Conditions wet but nice- second run crossed a tip- catapaulted onto chest - where iPhone conveniently stored.  X ray showed cracked rib- than had a cat scan to rule out tear in lung and or spleen.  Out for 8 weeks and in serous pain- although I have ammo for that.  Bad week, lose my girl thurs and me sat- my son who witnessed both was looking a little green.


----------



## gmcunni (Dec 31, 2011)

sorry to hear the bad news John.  hopefully you and your daughter both have full and speedy recoveries.


----------



## o3jeff (Dec 31, 2011)

Terrible end to the year for you and your daughter. Hopefully you can get back out there sooner!
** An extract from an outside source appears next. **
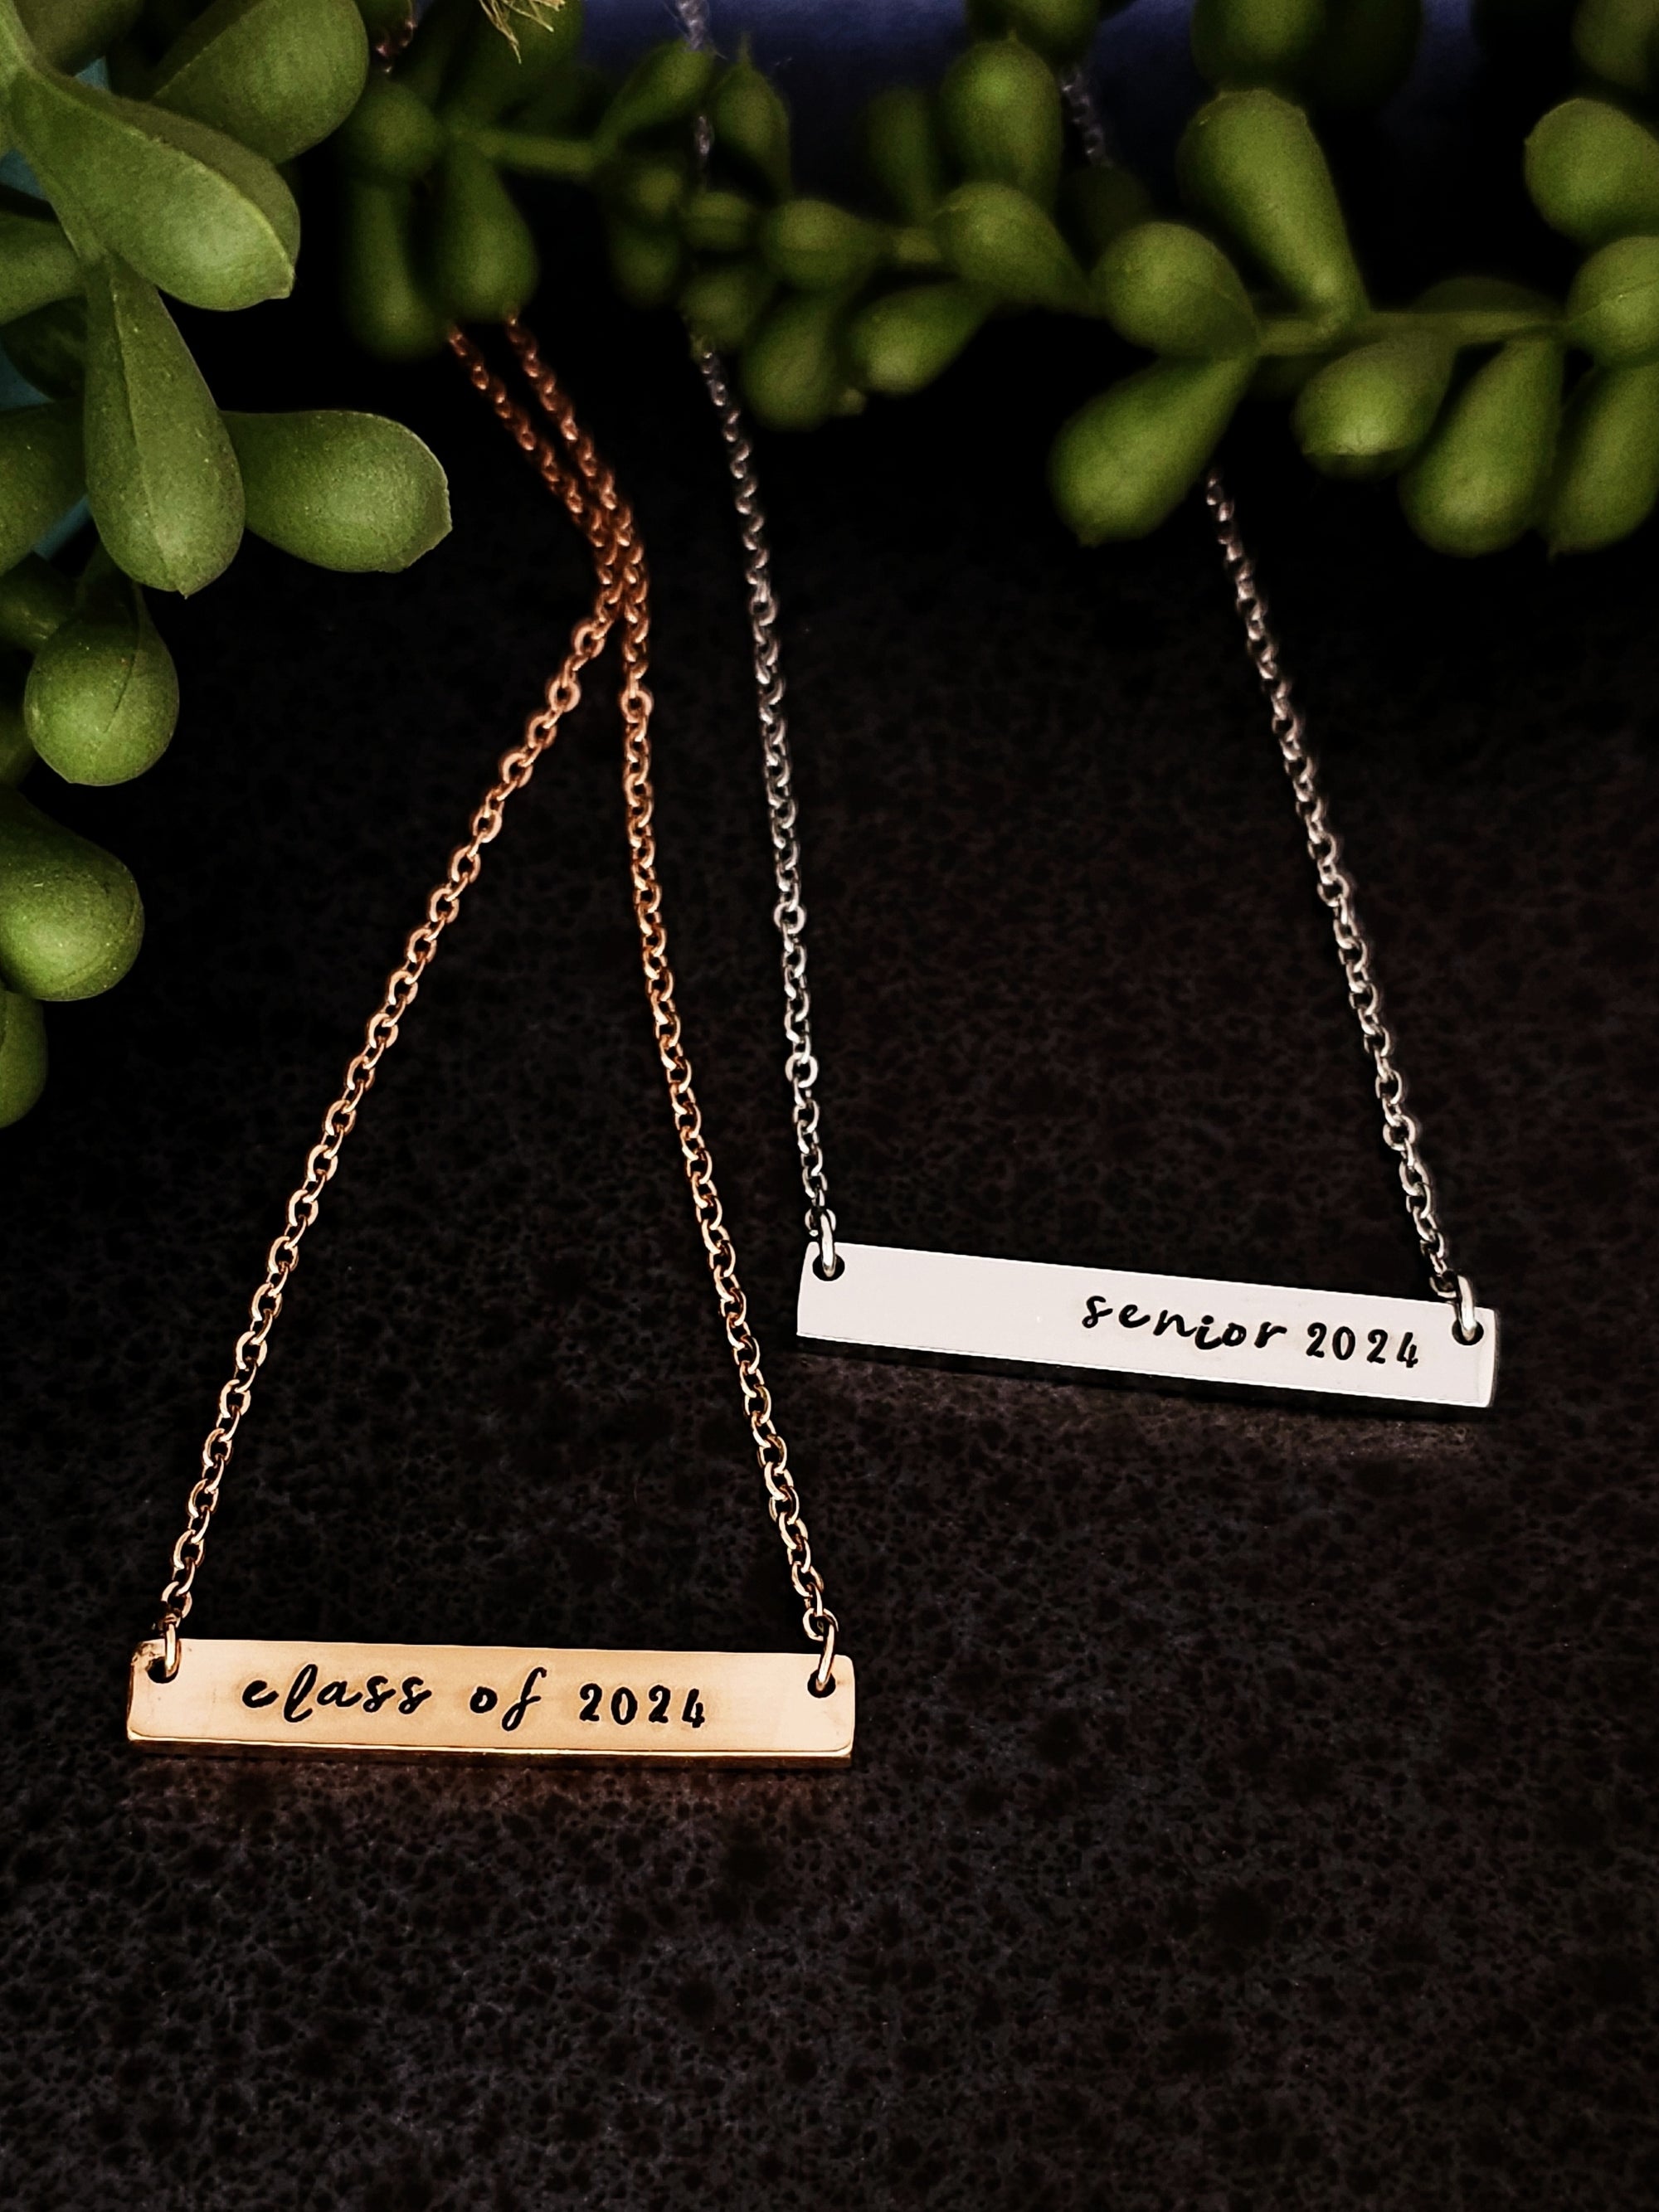 Class of 2024, Grad Gift, Graduation Gift, Senior Jewelry, Name bar Necklace, Personalized Necklace, Silver Bar Necklace, Rose Gold Necklace

How did the phone hold up?


----------



## powhunter (Dec 31, 2011)

That flat out sucks John!  Was just thinking about the pow day we had last year. Speedy recovery to you and your daughter!

Steveo


----------



## Madroch (Dec 31, 2011)

To put the mtn at
Ease- when they-asked me cause of a accident- I wrote skier error- in crossing tips and on puttin iPhone in chest pocket.  Theniphonenis a rib spreader.


----------



## gmcunni (Dec 31, 2011)

is the Iphone Ok?


----------



## gmcunni (Dec 31, 2011)

did you get a ride in the sled?


----------



## Madroch (Dec 31, 2011)

iPhone fine- no  sled I had to find my son- survived but it was a scary painful trip down tempter- the poor kid may never ski again, watches his sister get flattened and then me all pale and gasping for breath being sent to two hospitals.


----------



## Grassi21 (Dec 31, 2011)

Oh man...  Hope you both have a speedy recovery.


----------



## VTSKICTLAX (Dec 31, 2011)

What a bummer...thought the conditions today were again much better than expected...can't believe the lack of crowds...literally ski, stop and ride all day long...great people across the board...my family and I are having a blast...best wishes and a speedy recovery to madroch and family and a happy new year to all...


----------



## Warp Daddy (Dec 31, 2011)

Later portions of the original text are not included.